Изменить стиль страницы

— Да нет, совсем не то, — нетерпеливо ответил Тони, принимаясь за коктейль. — У Амоса неприятности.

— У Амоса? Ну что у него еще? — раздраженно спросила Филиппа. — Ты возишься с ним, как нянька. Даже дом ему купил поближе к нам. А он такой скучный.

— Но тебе ведь нравятся его книги, — возразил Тони.

— Только не последняя. Мне кажется, он выдохся.

— Не надо так говорить. — Тони нахмурился и отпил из бокала. — Даже думать так не смей. Амос значит для нас гораздо больше, чем ты можешь себе представить. За четыре года четыре книги, и каждая — бестселлер. Амос — единственный в своем роде. Только благодаря ему фирма «Саттон и Кейн» стала тем, что она есть сейчас.

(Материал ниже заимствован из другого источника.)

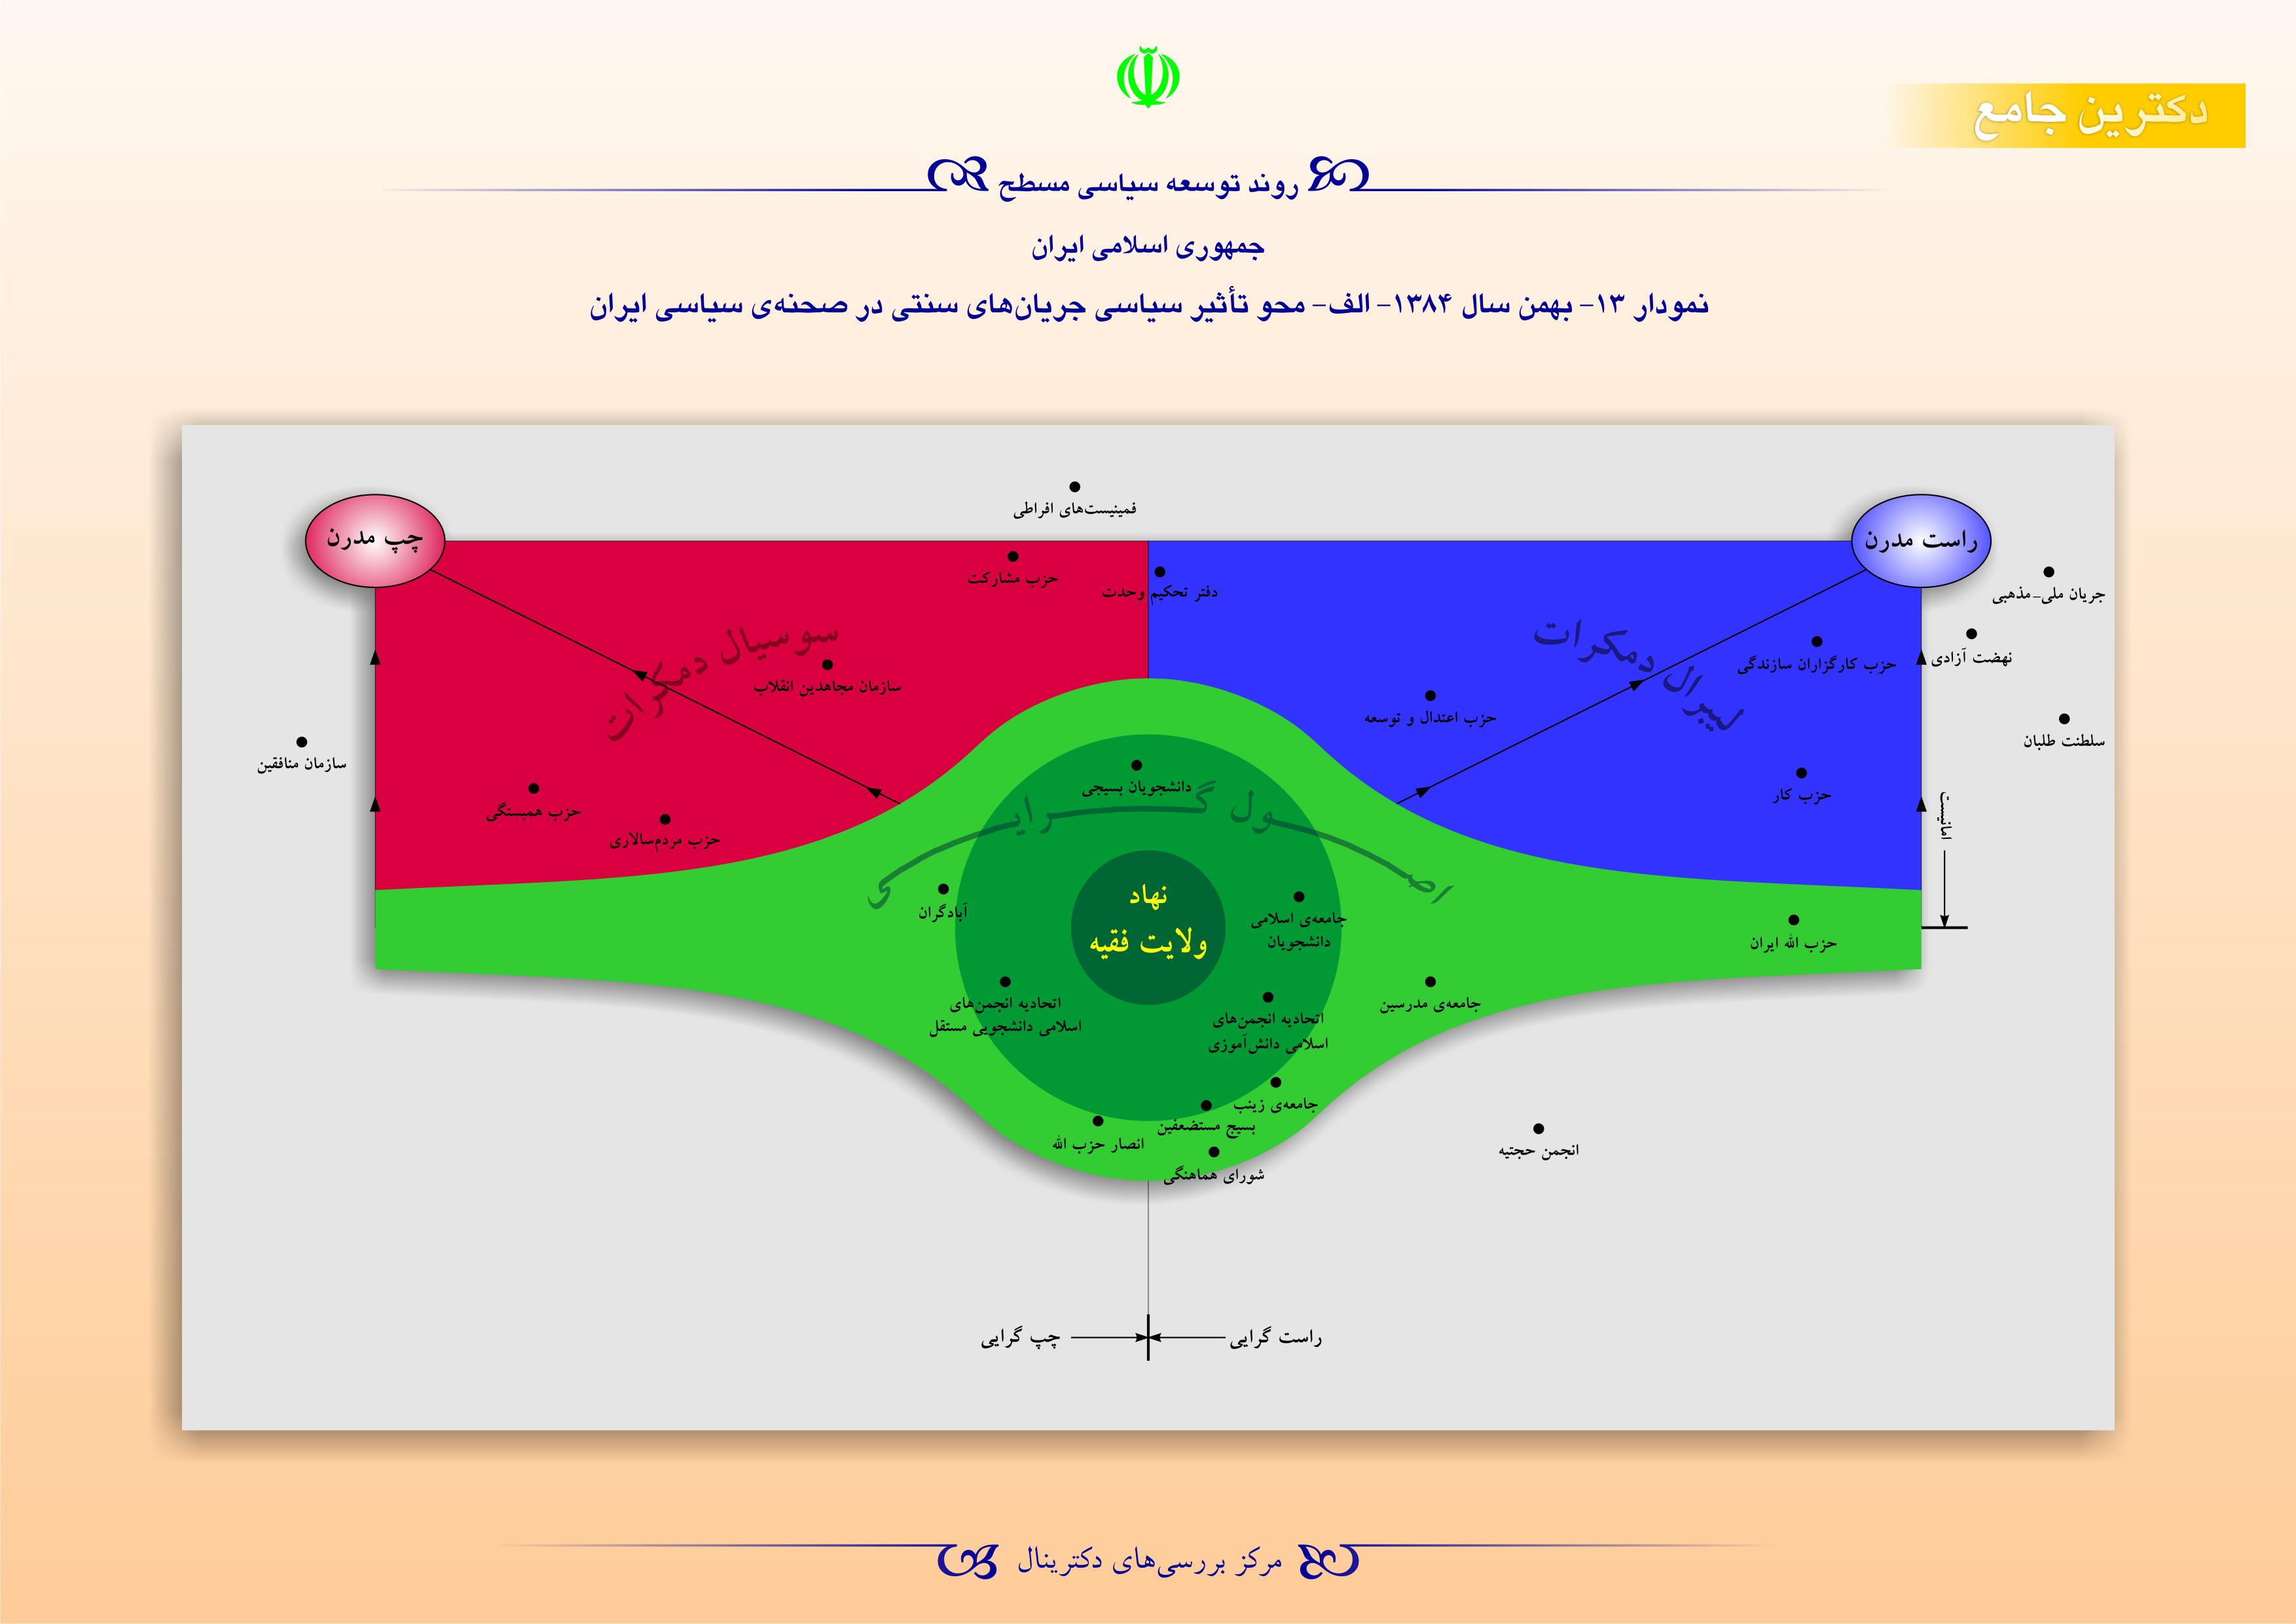 روند توسعه سیاسی مسطح جمهوری اسلامی ایران - بهمن سال 1384

— И мы не можем без него обойтись?

— Если честно — нет. — Голос Тони обрел необычную жесткость. — Да Амос и не уйдет от нас.

— А если «Даблдей» предложит ему больше?

— Ерунда.

— Почему? Тони вздохнул.

— Я говорю тебе, что Амос от нас не уйдет. Ему можно доверять. Он знает, сколько я для него сделал. Нет, сейчас меня беспокоит его жена.

— Вера? — Филиппа опустила глаза и стала закуривать сигарету. — Я думала, они развелись.

— Нет, Вера провалилась в Голливуде и хочет вернуться. Это напечатано в вечерних газетах.

— Ну а что я должна сделать? Отговорить ее?

— Нет, хуже. — Тони изобразил на лице самую обаятельную из своих улыбок. — Я позвонил в Голливуд и предложил Вере пожить у нас, пока она не устроится в Нью-Йорке. Понимаешь, мне нужно за ней приглядеть. Она согласилась, и я хочу, чтобы ты была с ней поприветливее.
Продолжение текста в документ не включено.